We introduce OPENXRD, a comprehensive benchmarking framework for evaluating large language models (LLMs) and multimodal LLMs (MLLMs) in crystallography question answering. The framework measures context assimilation, or how models use fixed, domain-specific supporting information during inference. The framework includes 217 expert-curated X-ray diffraction (XRD) questions covering fundamental to advanced crystallographic concepts, each evaluated under closed-book (without context) and open-book (with context) conditions, where the latter includes concise reference passages generated by GPT-4.5 and refined by crystallography experts. We benchmark 74 state-of-the-art LLMs and MLLMs, including GPT-4, GPT-5, O-series, LLaVA, LLaMA, QWEN, Mistral, and Gemini families, to quantify how different architectures and scales assimilate external knowledge. Results show that mid-sized models (7B--70B parameters) gain the most from contextual materials, while very large models often show saturation or interference and the largest relative gains appear in small and mid-sized models. Expert-reviewed materials provide significantly higher improvements than AI-generated ones even when token counts are matched, confirming that content quality, not quantity, drives performance.
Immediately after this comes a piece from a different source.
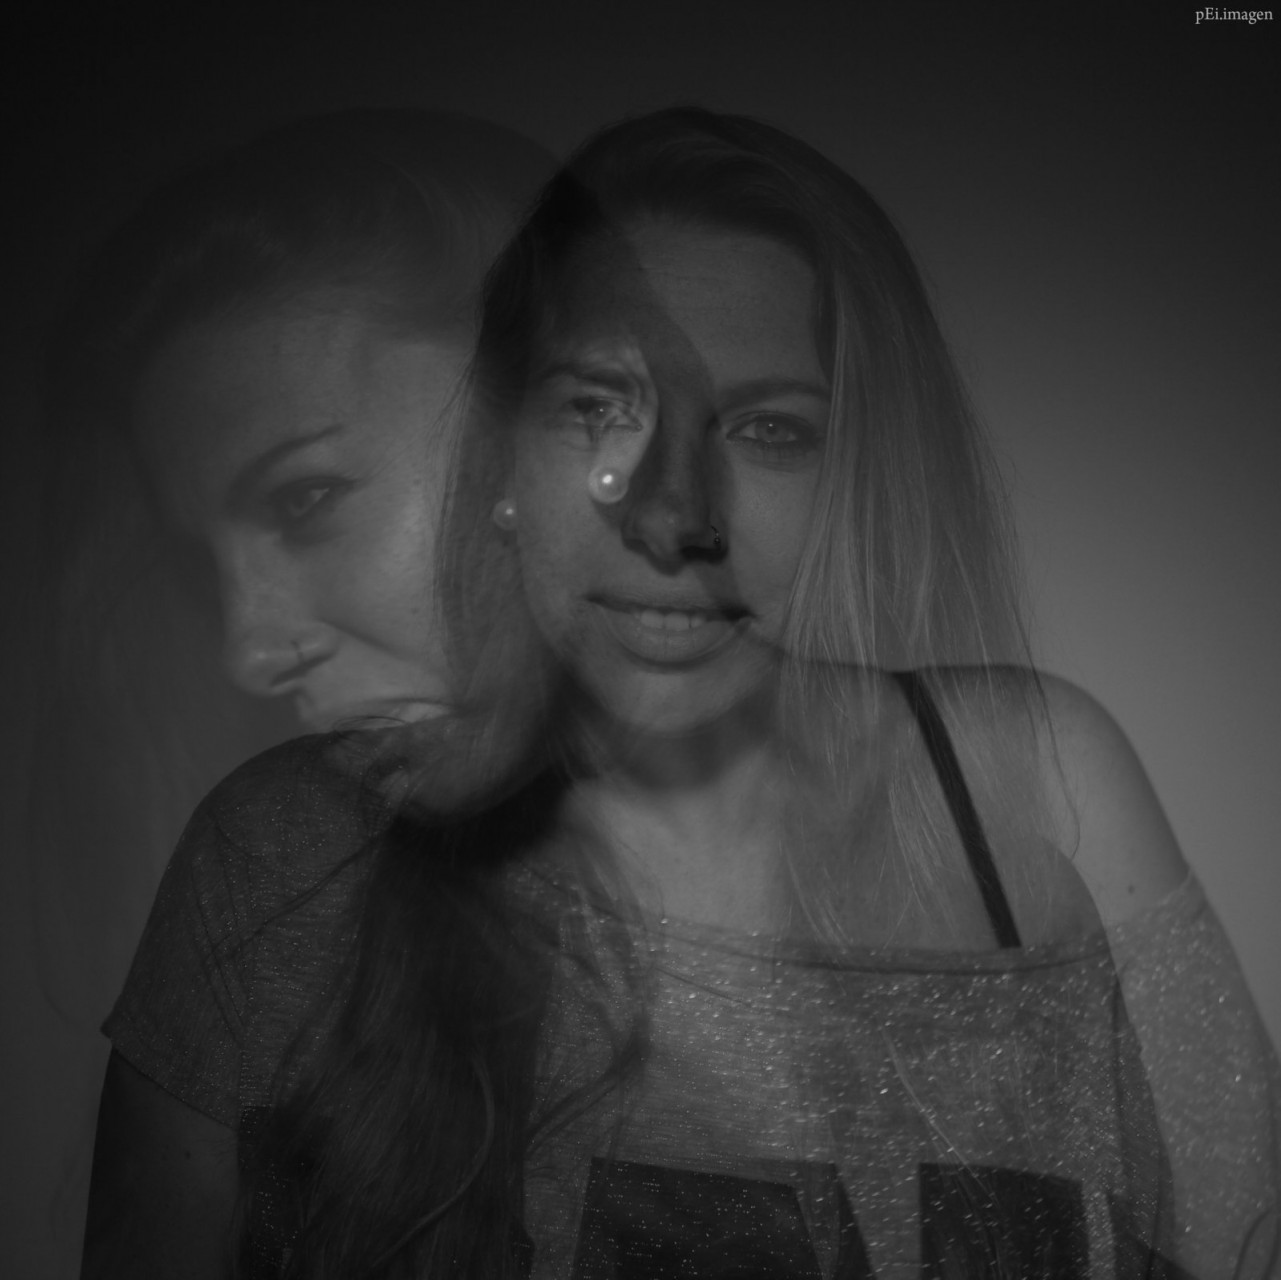 peipegata me myself I proyectos fotografia peipegatafotografia # 091 Andrea Gomez

OPENXRD offers a reproducible diagnostic benchmark for assessing reasoning, knowledge integration, and guidance sensitivity in scientific domains, and provides a foundation for future multimodal and retrieval-augmented crystallography systems.

Paper Structure

This paper contains 31 sections, 5 equations, 11 figures, 8 tables.

Figures (11)

  • Figure 1: Example question from the OPENXRD dataset in closed-book format. Each question includes a concise prompt, multiple-choice options (3-4 answers), with one correct answer. This illustrates the baseline evaluation condition where models must rely solely on their internal knowledge without external supporting materials.
  • Figure 2: A word cloud of the subtask labels from our human-curated crystallography dataset. Larger words indicate subtasks with a higher number of questions, illustrating the breadth of topics (e.g., diffraction fundamentals, lattice geometry, advanced structure analysis). This distribution underscores the diversity and domain complexity captured in our QA benchmark, spanning both basic definitions (e.g., counting crystal systems) and intricate reflections (e.g., twin boundaries, space-group anomalies).
  • Figure 3: The expert-reviewed version provides essential clarifications about the angular dependence of atomic scattering factors, emphasizes their direct relationship to atomic electron count, and highlights practical implications for interpreting diffraction data, elements often missed in AI-generated explanations.
  • Figure 4: An open-book mode example with expert-reviewed supporting material that clearly explains how a path difference of $n\lambda$ leads to constructive interference, with additional contextual information about its relevance to crystallography. The correct answer is highlighted in green.
  • Figure 5: Illustration of our open-book QA pipeline for crystallography. In closed-book mode, the model sees only the question (left rotated box). In open-book mode, it also receives domain-specific supporting textual material (right rotated box), which is concatenated and fed to the LLM (center pipeline), producing the final QA result.